> **EXERCISE INSTRUCTIONS**:
The answer should be every line below, repeated exactly, with the images left out.

> **RECORDED INFORMATION**:
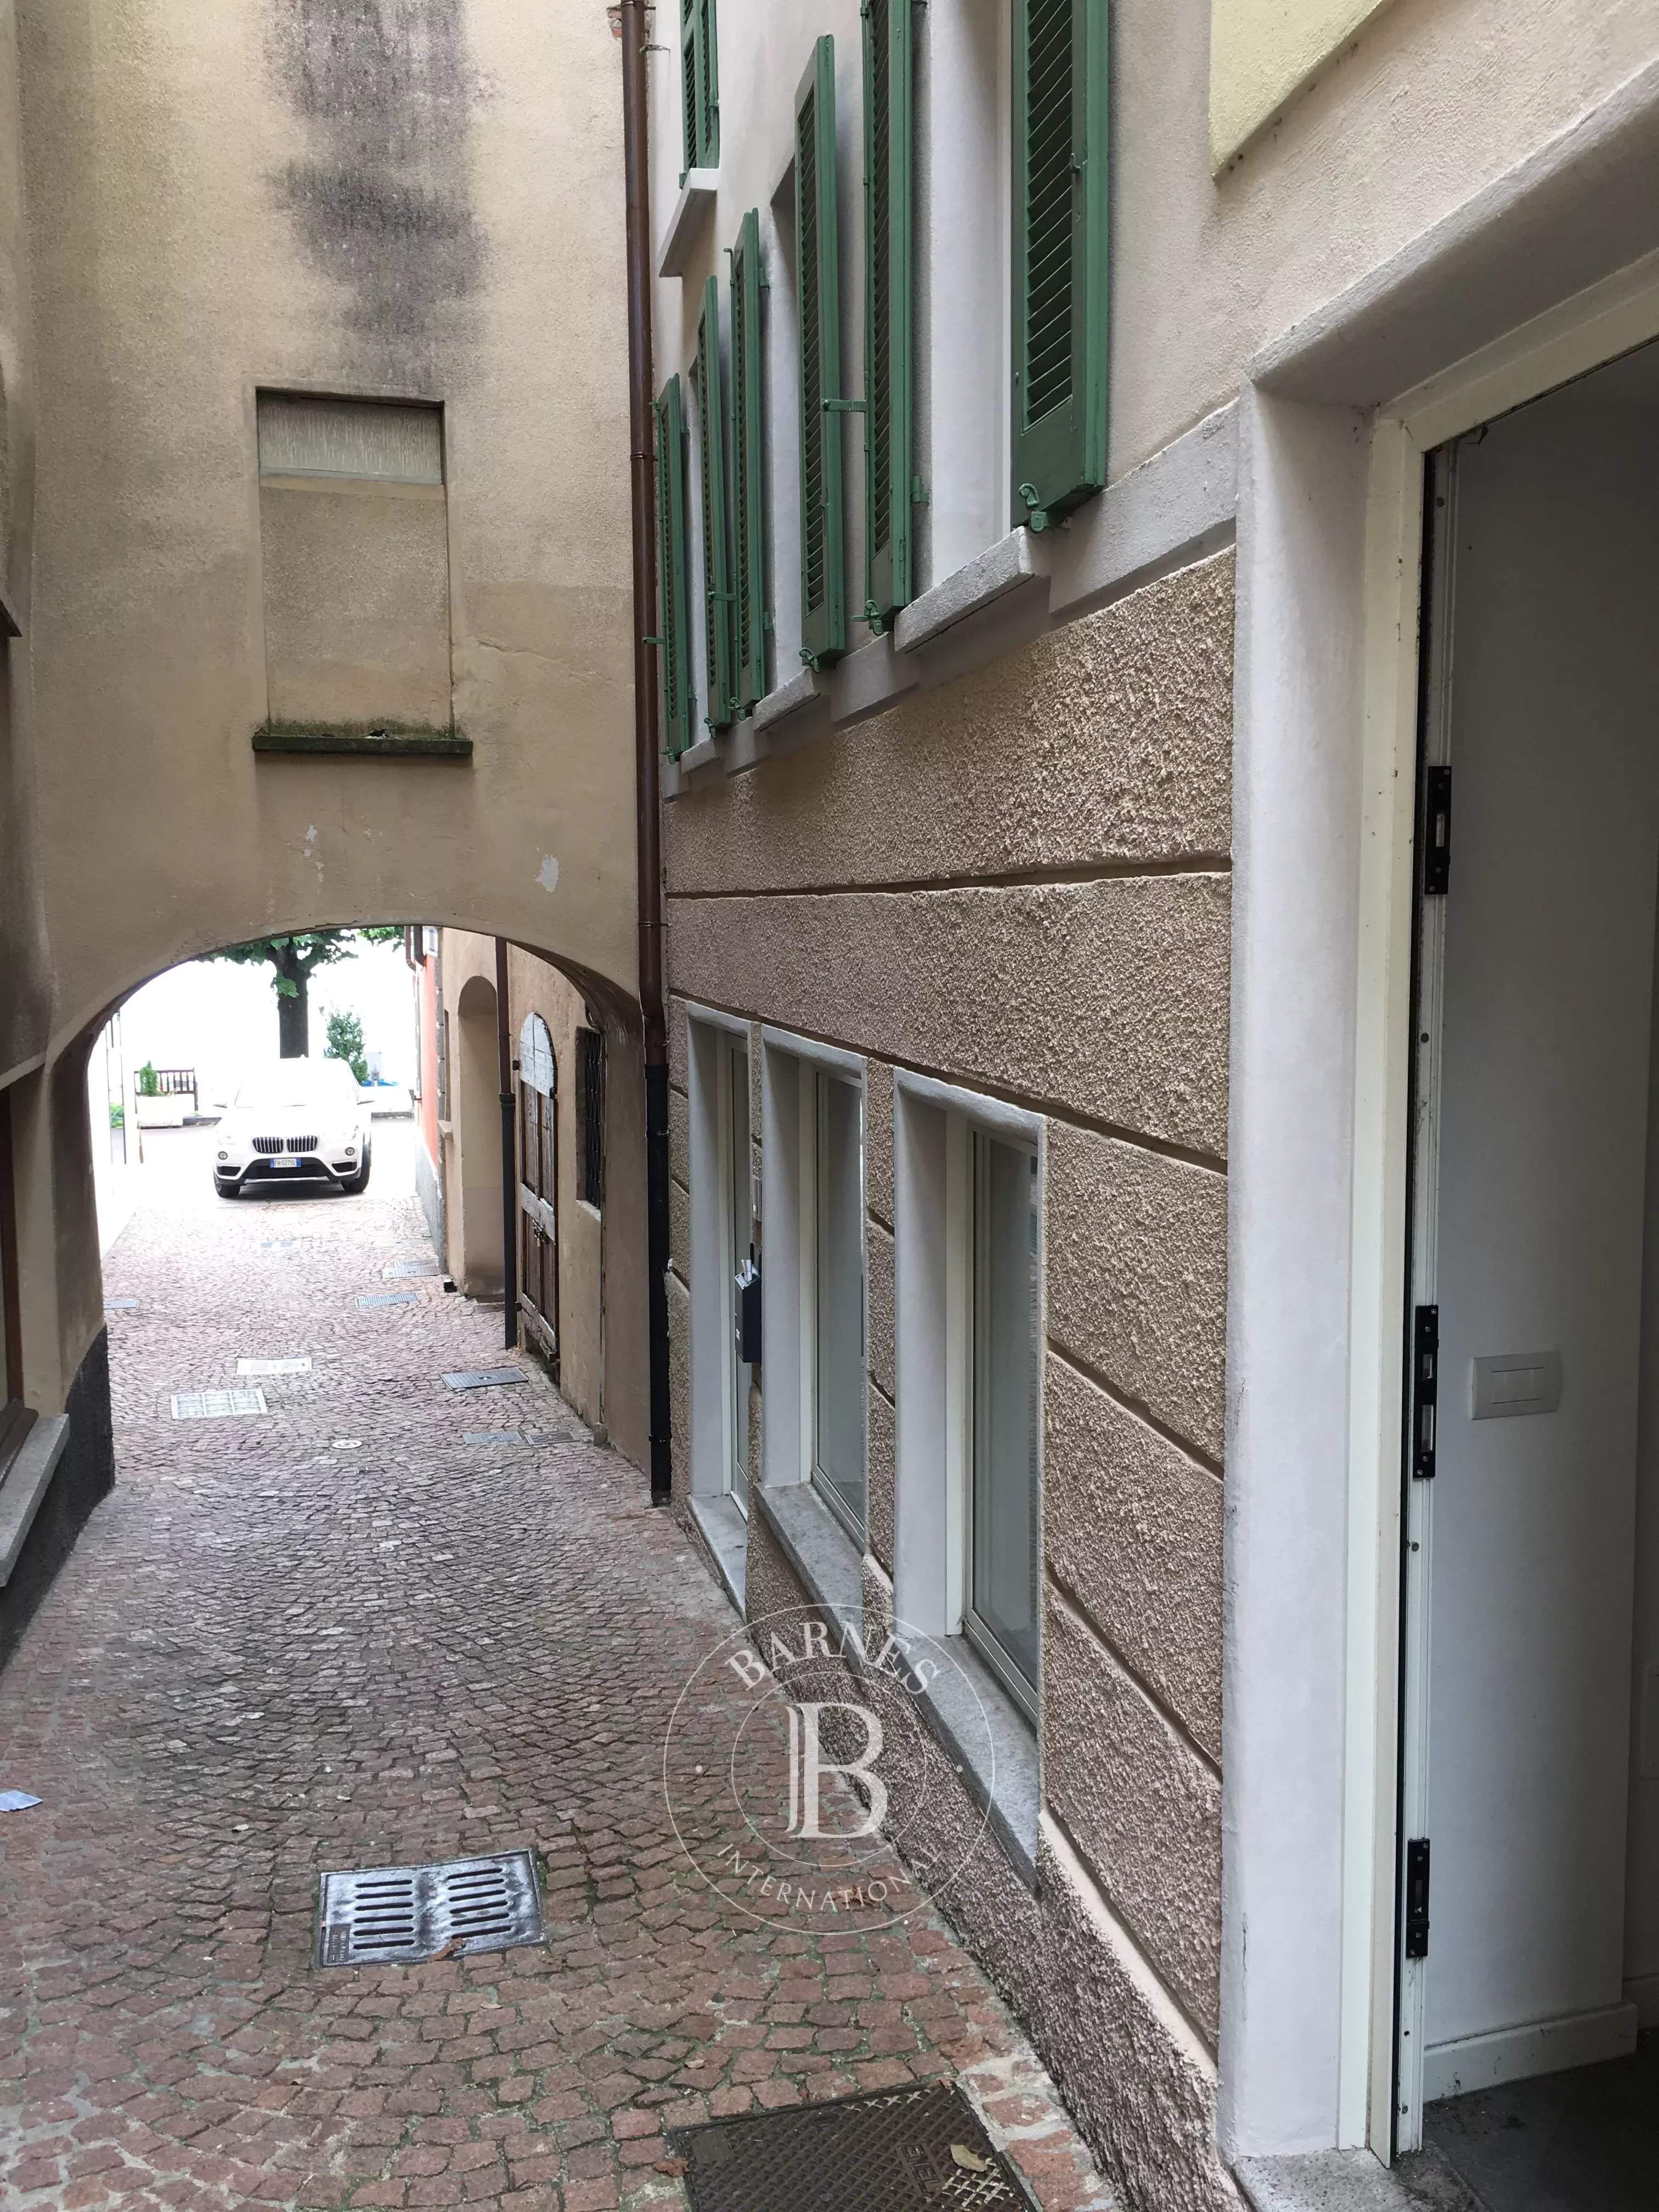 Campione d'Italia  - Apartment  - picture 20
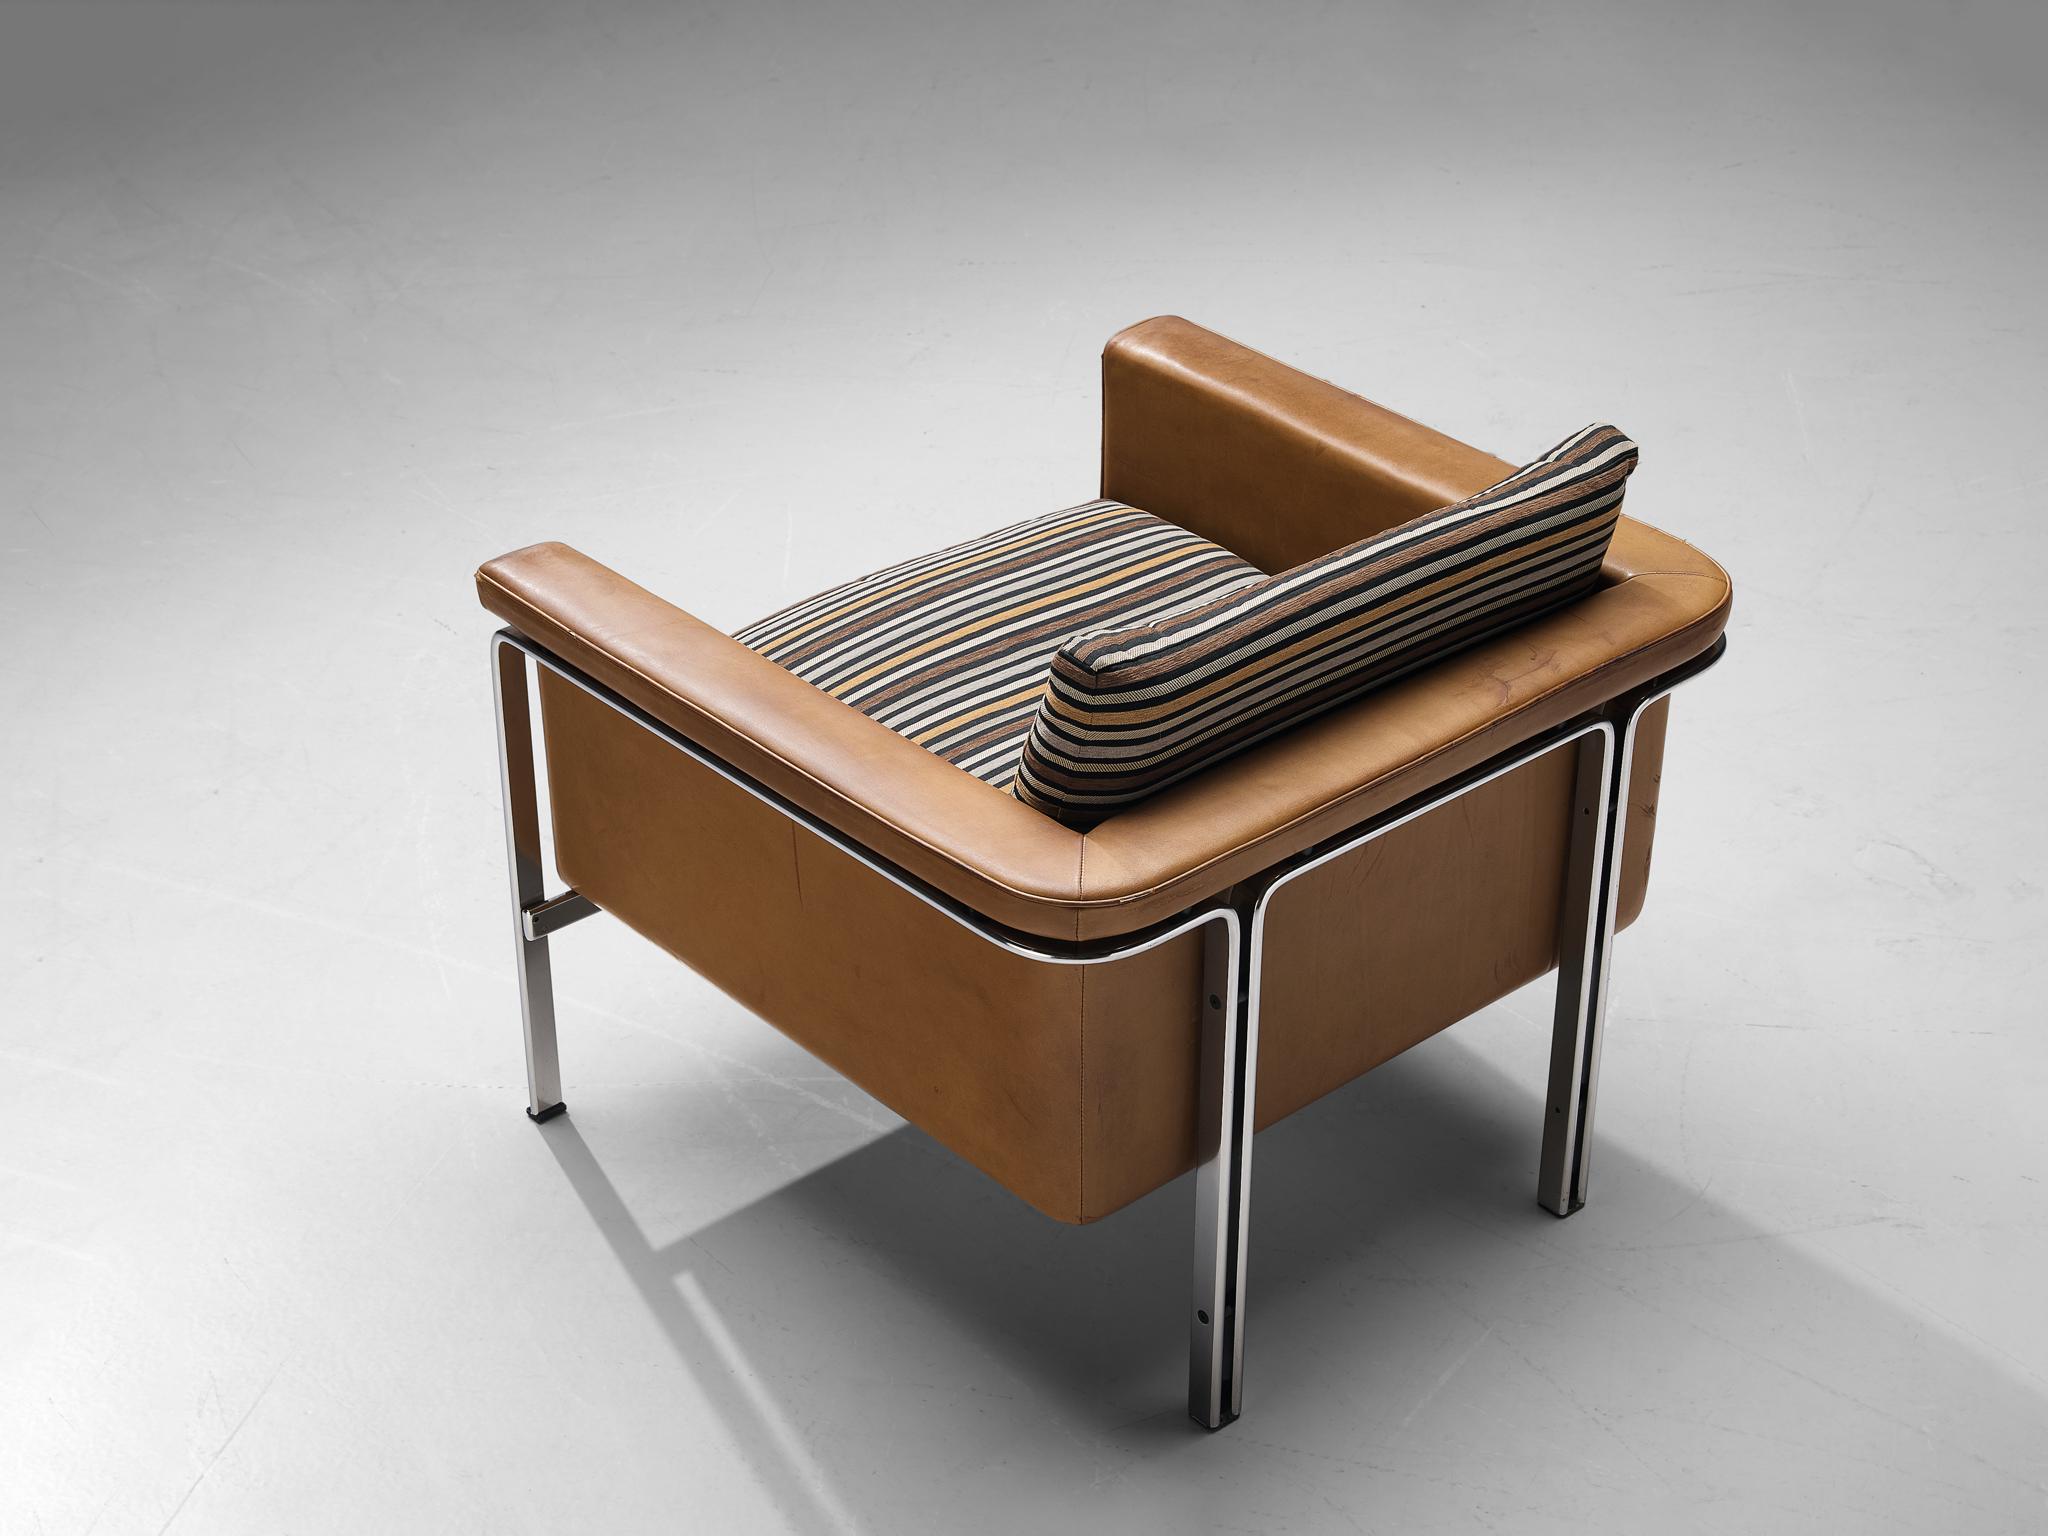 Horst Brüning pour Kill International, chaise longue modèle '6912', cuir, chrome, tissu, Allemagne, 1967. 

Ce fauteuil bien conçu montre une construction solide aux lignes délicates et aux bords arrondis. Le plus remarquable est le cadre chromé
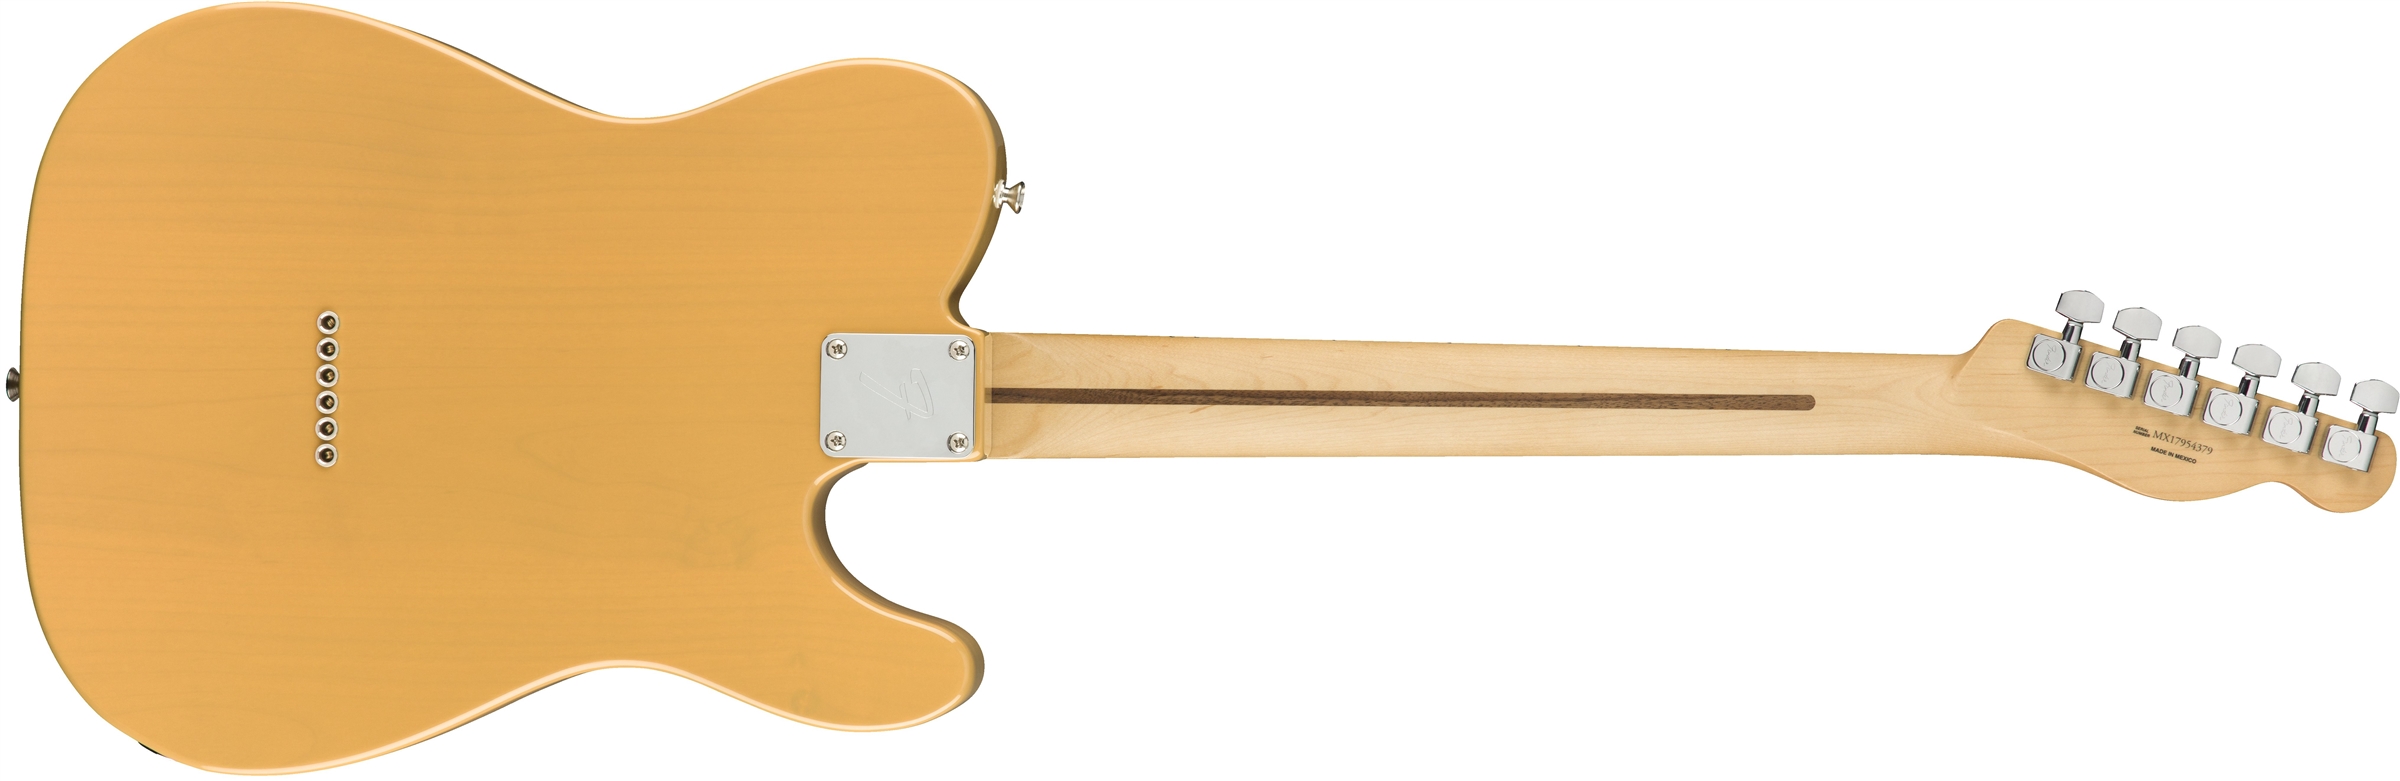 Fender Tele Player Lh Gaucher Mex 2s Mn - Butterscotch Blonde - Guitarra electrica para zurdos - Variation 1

> **FINAL ANSWER**:
 Campione d'Italia  - Apartment  - picture 20
 Horst Brüning pour Kill International, chaise longue modèle '6912', cuir, chrome, tissu, Allemagne, 1967. 

Ce fauteuil bien conçu montre une construction solide aux lignes délicates et aux bords arrondis. Le plus remarquable est le cadre chromé
 Fender Tele Player Lh Gaucher Mex 2s Mn - Butterscotch Blonde - Guitarra electrica para zurdos - Variation 1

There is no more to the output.